I explained about the noise and the coughing. She nodded seriously. She had a listen, she said the noise was but a whisper and that a piece of asthmatic equipment that can act like a nebuliser, some steroids and a rest should do the trick.

Then she paused.

'Now' she said seriously 'I'm not by any means suggesting you have this...'

'Oh god, I'm dying' I thought

'...but' she continued with severity 'there's this website.'

'I have a website in my lungs?' I wondered silently.

'...compiled by a GP. This website is dedicated entirely to adult whooping cough'

I don't know why it isn't spelt hooping cough, whooping cough sounds like an illness you should only have during significant periods of celebration.

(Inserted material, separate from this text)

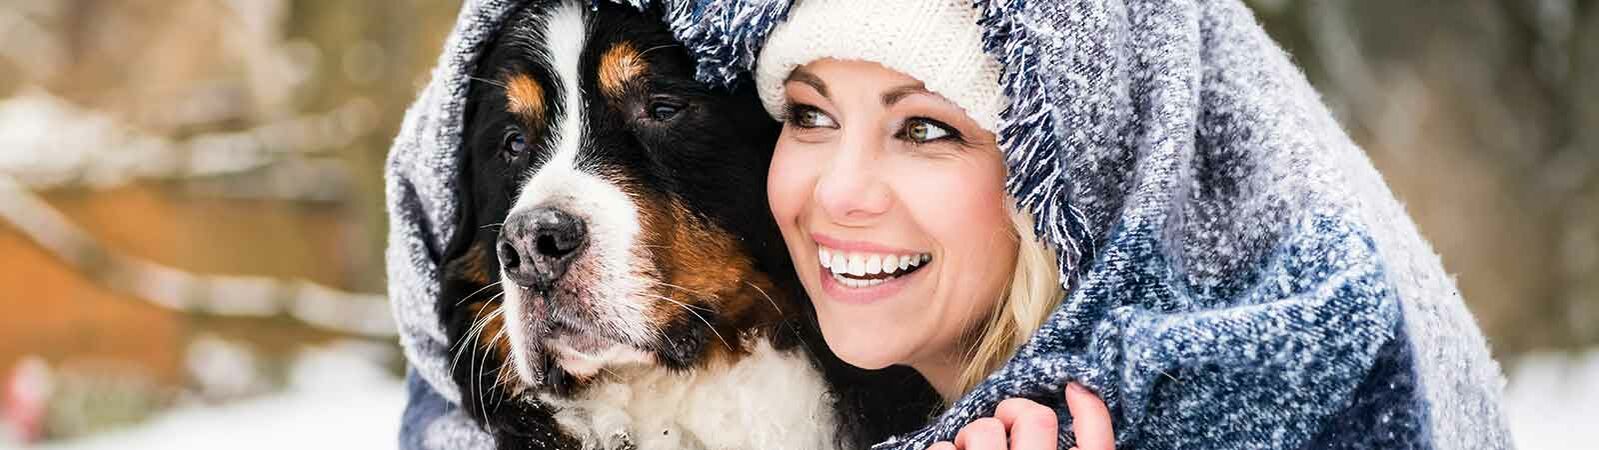 Ein Hund und eine Frau mit Mütze sitzen gemeinsam unter einer Wolldecke im Schnee.

'Now, you can go on the site and listen to recordings of coughing, and if your cough sounds like the cough on the website, you probably have whooping cough' She said matter-of-factly

'So, here I am in a doctors surgery and you are sitting near me and I keep on coughing, but you are unwilling to tell me if I have whooping cough but rather are asking me to go and listen to recordings of coughs on the internet and diagnose myself....isn't that your job?'

Of course I didn't say that. What I did say was;

'What if I have it?'

'Oh' she said seriously 'there's no cure, but its nice to know!'

'Is it?'

I left and went home to study www.whoopingcough.net

I shouldn't have been so scornful, its probably the best website ever! It's run by a doctor who bares more than a passing resemblance to Harold Shipman. He says;

"My mission is to make health professionals aware that whooping cough is much more common than they realise, that it now affects ALL AGES....This site gives relief to those who have it but cannot get anyone to believe them... "

God bless him!

Apparently...

"Attempts to get benefit from cough suppressants or antibiotics are generally futile"

and most damningly...

"Whooping cough is estimated to be 100 times more common than official statistics show!"

In your face statistics!

If you think you or someone you know has whooping cough, please click here


...I don't

Monday, August 3, 2009

What ails me

I started finding it difficult to breathe. 

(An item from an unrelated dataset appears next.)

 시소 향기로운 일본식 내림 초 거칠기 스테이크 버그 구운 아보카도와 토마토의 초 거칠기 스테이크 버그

Breathing became something I thought about all the time occasionally having to remind myself to inhale.  

This is a strange sensation akin to when some says "think about blinking!" Suddenly this is all you can think about and you start blinking repeatedly like someone who has just been woken up by having a bright light shone in their face.

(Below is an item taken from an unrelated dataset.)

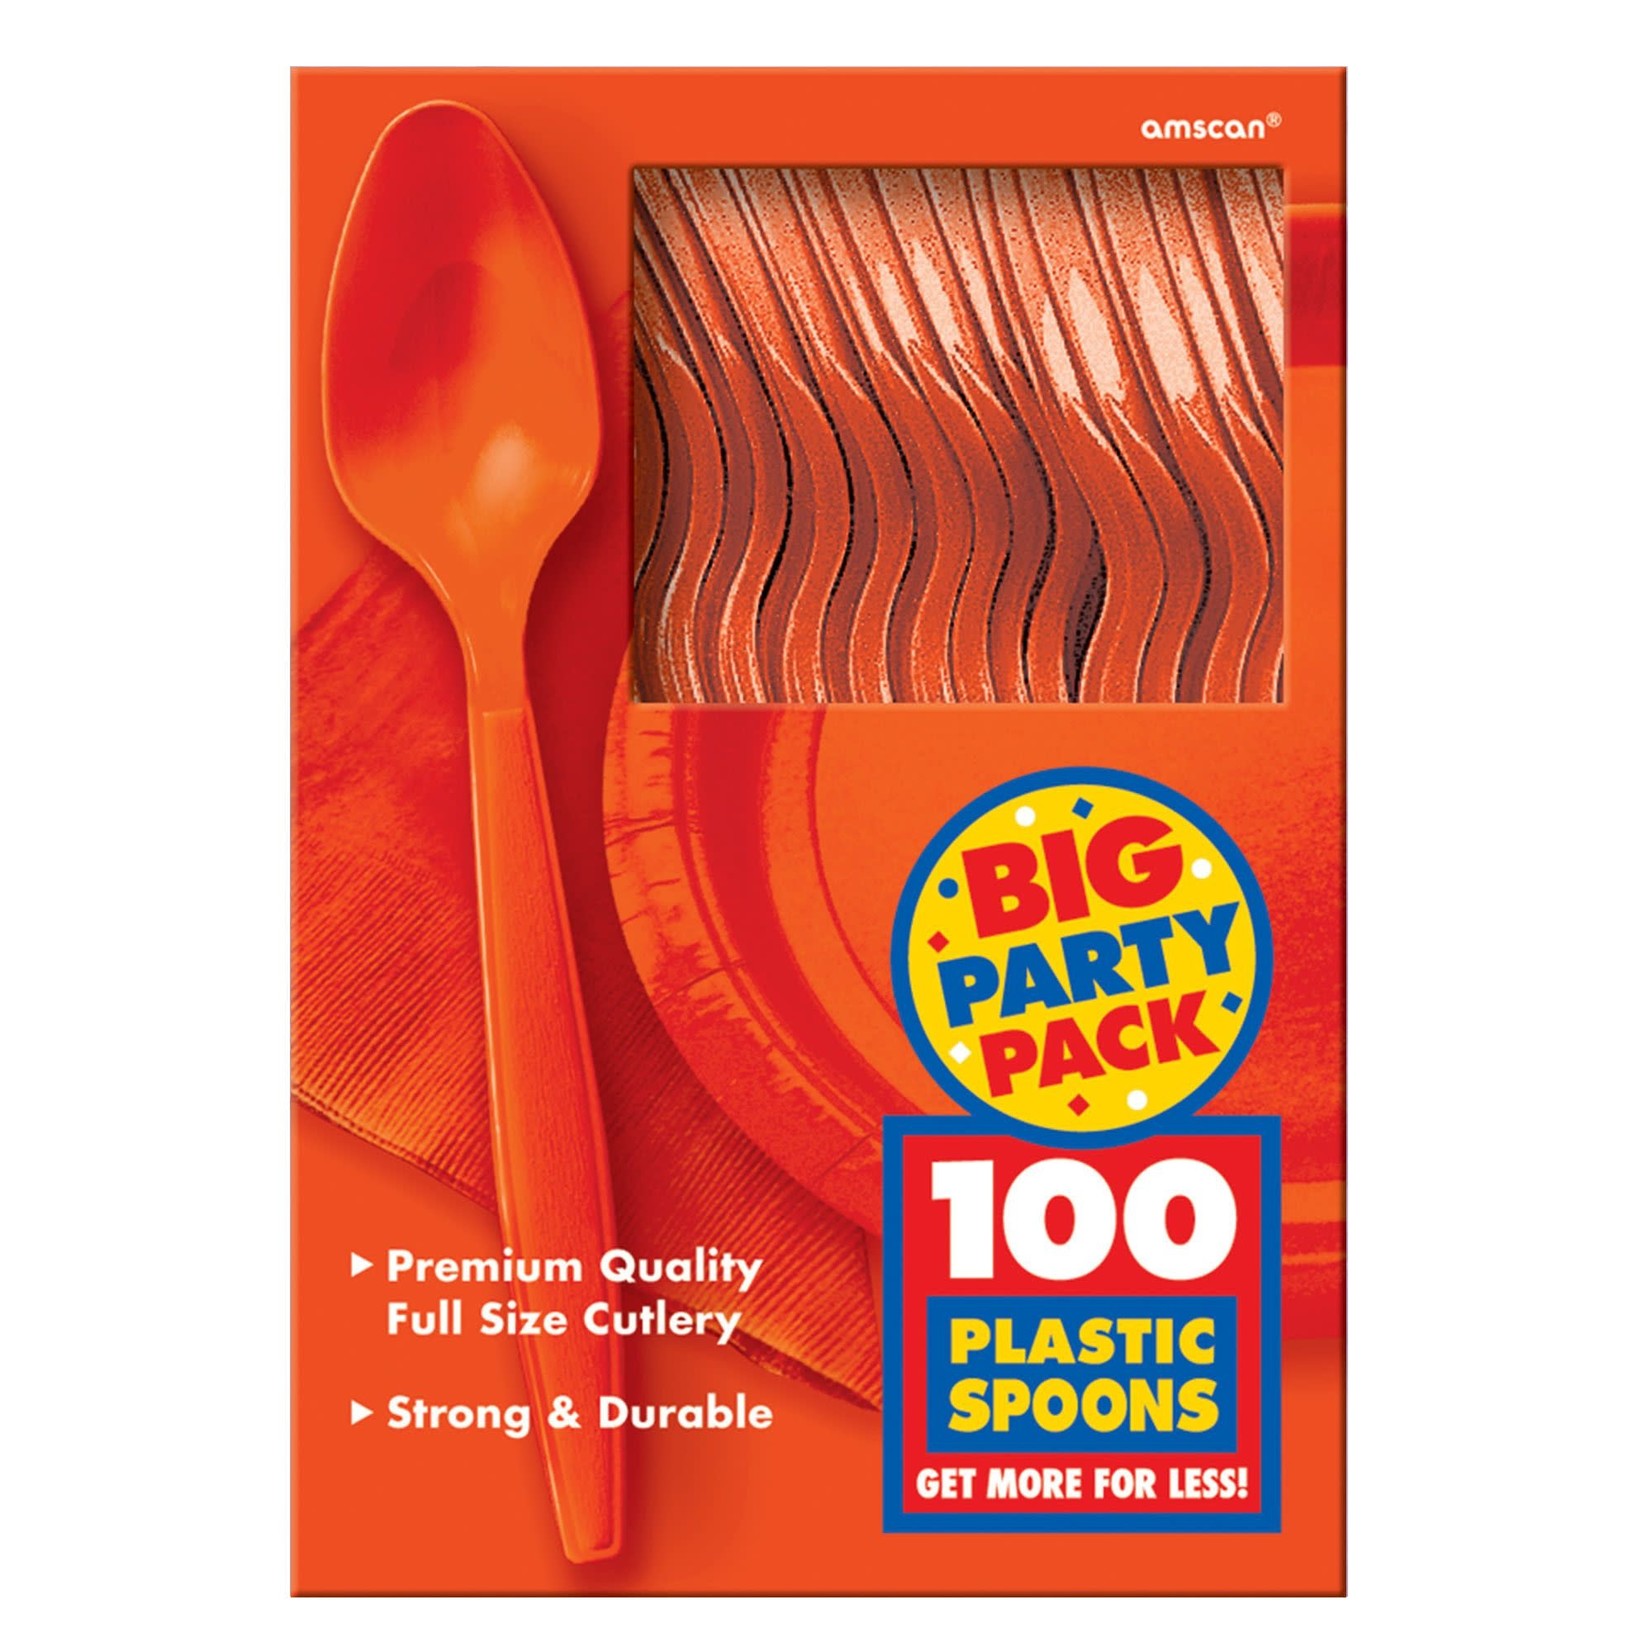 Big Party Pack Plastic Spoons - Orange Peel

The lack of breathing had been causing me to have nightmares about asphyxiation and occasionally I'd feel faint, so I thought, I'll go to the doctors, that's what I'll do. So I did.

I told the doctor what was happening, he stethoscoped me and said with some ambiguity, "You have  a noise on your lung" he did not extrapolate as to what kind of noise, was it a hiss or a rattle or a disconcerting whistle? We shall never know for he did not say. "This indicates you have a lung infection."

I looked at him blankly as he gave me a prescription for penicillin

"Thank you" I said not thinking to ask any questions. "I've been feeling pretty..."

"...Crappy" he interrupted.

"Yes" I said.

"Right, well thanks for coming in and sorry you're feeling so shit!"

"Erm..thanks" He nodded and smiled and showed me the door.